Take the entries below and print, exactly, the stretch from the line containing "Speed-Interview mit DERTOUR Reisebüro" through the line containing "Elizabeth Tower in", both included.

(Beginning of Exercise inputs)

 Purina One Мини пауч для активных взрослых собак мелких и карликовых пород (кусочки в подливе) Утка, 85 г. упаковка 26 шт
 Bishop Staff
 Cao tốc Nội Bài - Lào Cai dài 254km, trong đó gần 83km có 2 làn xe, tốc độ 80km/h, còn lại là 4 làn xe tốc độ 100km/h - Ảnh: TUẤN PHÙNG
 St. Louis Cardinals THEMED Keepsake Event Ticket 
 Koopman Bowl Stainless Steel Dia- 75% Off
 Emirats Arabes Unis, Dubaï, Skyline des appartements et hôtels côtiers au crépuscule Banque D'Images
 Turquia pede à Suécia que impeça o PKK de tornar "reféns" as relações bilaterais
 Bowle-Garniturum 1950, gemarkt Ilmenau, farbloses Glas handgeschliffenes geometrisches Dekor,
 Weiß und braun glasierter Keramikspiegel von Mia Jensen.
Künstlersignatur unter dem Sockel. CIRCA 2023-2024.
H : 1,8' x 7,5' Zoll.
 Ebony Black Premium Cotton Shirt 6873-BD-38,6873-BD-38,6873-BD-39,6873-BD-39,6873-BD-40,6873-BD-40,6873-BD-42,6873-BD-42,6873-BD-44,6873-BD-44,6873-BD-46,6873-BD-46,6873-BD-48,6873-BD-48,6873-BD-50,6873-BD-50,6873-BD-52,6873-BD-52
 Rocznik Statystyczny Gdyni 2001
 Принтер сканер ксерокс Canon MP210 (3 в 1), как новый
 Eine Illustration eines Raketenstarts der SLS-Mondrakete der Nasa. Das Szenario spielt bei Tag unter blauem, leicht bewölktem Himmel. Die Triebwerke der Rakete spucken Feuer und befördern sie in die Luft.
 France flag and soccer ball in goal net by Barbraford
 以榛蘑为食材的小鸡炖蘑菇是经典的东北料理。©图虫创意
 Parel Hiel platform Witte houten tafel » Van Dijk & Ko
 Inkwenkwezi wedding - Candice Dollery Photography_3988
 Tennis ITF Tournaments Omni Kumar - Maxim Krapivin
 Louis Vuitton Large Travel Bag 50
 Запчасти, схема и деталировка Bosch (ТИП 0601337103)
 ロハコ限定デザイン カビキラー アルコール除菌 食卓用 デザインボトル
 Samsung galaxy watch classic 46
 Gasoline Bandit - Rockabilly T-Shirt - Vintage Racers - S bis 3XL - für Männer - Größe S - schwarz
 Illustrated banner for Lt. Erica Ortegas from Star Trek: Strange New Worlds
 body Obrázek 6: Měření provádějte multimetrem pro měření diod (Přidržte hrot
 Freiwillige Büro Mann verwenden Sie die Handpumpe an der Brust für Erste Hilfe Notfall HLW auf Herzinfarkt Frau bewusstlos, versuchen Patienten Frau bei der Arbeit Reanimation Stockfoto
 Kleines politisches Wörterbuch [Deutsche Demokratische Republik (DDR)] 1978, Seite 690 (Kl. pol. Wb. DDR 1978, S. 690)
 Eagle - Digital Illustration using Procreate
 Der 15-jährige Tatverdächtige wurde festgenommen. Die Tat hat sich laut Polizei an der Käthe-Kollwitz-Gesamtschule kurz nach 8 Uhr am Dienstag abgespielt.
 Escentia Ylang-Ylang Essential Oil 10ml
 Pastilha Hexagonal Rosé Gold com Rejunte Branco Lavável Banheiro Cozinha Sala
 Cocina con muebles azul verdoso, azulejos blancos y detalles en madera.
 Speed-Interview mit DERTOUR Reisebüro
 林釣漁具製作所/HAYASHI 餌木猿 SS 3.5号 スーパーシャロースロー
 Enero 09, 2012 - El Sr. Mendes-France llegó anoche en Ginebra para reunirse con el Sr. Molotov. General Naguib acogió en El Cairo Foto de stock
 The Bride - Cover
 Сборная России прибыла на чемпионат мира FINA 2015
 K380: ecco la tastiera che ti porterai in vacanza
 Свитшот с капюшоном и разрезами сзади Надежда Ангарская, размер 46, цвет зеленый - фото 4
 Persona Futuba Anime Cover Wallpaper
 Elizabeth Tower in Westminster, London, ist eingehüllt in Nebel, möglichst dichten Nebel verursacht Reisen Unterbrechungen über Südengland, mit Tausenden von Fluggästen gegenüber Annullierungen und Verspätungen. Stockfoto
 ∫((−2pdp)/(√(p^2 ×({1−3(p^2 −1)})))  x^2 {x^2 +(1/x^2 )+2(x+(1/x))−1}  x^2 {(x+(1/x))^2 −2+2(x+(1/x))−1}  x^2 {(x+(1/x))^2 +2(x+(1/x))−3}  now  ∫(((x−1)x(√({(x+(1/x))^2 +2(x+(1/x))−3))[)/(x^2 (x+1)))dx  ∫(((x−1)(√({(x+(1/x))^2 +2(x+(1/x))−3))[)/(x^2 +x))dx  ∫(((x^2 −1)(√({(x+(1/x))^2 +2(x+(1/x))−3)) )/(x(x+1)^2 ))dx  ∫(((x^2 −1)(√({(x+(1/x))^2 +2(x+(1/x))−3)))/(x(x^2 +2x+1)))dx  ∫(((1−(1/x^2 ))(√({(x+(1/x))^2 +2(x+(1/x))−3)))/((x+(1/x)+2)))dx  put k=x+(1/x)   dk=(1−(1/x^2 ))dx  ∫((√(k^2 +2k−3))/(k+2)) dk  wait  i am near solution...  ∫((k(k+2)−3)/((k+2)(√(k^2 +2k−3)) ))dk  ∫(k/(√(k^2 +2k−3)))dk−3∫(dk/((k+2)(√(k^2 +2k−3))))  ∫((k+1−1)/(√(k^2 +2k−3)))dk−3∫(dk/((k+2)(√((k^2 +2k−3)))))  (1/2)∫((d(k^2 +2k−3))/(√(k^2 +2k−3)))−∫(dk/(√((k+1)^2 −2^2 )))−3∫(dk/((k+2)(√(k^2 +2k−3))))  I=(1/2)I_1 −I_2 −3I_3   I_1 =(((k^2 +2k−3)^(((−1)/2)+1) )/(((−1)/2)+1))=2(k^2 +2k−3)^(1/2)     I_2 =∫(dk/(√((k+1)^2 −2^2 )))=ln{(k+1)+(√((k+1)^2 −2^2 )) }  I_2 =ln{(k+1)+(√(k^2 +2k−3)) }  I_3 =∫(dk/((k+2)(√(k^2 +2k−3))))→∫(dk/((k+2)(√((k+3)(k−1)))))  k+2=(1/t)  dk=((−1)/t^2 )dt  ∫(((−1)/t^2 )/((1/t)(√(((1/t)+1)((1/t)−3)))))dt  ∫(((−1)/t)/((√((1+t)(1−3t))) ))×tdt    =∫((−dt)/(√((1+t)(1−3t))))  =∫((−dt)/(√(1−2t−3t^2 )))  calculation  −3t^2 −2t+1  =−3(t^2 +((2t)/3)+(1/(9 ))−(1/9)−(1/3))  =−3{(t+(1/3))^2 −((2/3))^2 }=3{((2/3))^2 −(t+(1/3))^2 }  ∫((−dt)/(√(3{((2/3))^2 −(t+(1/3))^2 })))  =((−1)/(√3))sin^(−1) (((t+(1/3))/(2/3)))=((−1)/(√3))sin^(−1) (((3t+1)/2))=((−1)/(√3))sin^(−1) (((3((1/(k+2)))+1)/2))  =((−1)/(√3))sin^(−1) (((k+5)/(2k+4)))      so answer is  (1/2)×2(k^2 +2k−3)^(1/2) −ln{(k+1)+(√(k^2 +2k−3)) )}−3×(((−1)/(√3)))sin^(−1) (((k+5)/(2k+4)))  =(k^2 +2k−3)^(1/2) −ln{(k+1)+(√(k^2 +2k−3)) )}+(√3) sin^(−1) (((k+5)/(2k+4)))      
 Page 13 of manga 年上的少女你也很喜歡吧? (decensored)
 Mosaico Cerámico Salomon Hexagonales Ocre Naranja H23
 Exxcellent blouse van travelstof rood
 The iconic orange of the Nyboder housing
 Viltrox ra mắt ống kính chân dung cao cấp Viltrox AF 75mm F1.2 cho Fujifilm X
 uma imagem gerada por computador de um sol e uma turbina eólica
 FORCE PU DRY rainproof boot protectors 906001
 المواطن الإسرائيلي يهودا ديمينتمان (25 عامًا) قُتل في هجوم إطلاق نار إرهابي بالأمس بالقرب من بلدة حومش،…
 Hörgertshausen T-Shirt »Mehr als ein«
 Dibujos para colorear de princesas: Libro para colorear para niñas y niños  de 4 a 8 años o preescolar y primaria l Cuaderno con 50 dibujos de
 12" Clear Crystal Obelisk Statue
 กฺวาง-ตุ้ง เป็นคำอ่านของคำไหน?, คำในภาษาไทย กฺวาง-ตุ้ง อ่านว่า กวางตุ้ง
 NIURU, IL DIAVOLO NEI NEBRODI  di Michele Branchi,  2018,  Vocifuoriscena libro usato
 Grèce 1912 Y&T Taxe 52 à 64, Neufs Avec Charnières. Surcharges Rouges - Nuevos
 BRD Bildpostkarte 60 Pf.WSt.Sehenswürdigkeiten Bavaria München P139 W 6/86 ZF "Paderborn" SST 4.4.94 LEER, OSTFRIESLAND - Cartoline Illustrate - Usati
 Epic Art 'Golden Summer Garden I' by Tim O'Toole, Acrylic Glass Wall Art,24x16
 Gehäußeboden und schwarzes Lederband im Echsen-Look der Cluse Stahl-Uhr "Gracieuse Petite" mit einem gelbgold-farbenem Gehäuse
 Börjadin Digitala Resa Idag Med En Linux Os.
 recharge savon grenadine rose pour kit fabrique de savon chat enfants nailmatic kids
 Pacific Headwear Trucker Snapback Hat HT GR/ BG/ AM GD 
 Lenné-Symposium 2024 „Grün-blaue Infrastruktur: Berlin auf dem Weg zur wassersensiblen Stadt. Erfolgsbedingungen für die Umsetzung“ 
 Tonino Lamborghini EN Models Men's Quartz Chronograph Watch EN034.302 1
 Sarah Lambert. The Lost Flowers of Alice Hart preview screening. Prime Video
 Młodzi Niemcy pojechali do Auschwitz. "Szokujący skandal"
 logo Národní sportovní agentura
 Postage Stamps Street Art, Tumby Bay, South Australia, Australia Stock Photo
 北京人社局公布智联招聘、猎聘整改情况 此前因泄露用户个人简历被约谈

(End of Exercise inputs)

■ The answer
 Speed-Interview mit DERTOUR Reisebüro
 林釣漁具製作所/HAYASHI 餌木猿 SS 3.5号 スーパーシャロースロー
 Enero 09, 2012 - El Sr. Mendes-France llegó anoche en Ginebra para reunirse con el Sr. Molotov. General Naguib acogió en El Cairo Foto de stock
 The Bride - Cover
 Сборная России прибыла на чемпионат мира FINA 2015
 K380: ecco la tastiera che ti porterai in vacanza
 Свитшот с капюшоном и разрезами сзади Надежда Ангарская, размер 46, цвет зеленый - фото 4
 Persona Futuba Anime Cover Wallpaper
 Elizabeth Tower in Westminster, London, ist eingehüllt in Nebel, möglichst dichten Nebel verursacht Reisen Unterbrechungen über Südengland, mit Tausenden von Fluggästen gegenüber Annullierungen und Verspätungen. Stockfoto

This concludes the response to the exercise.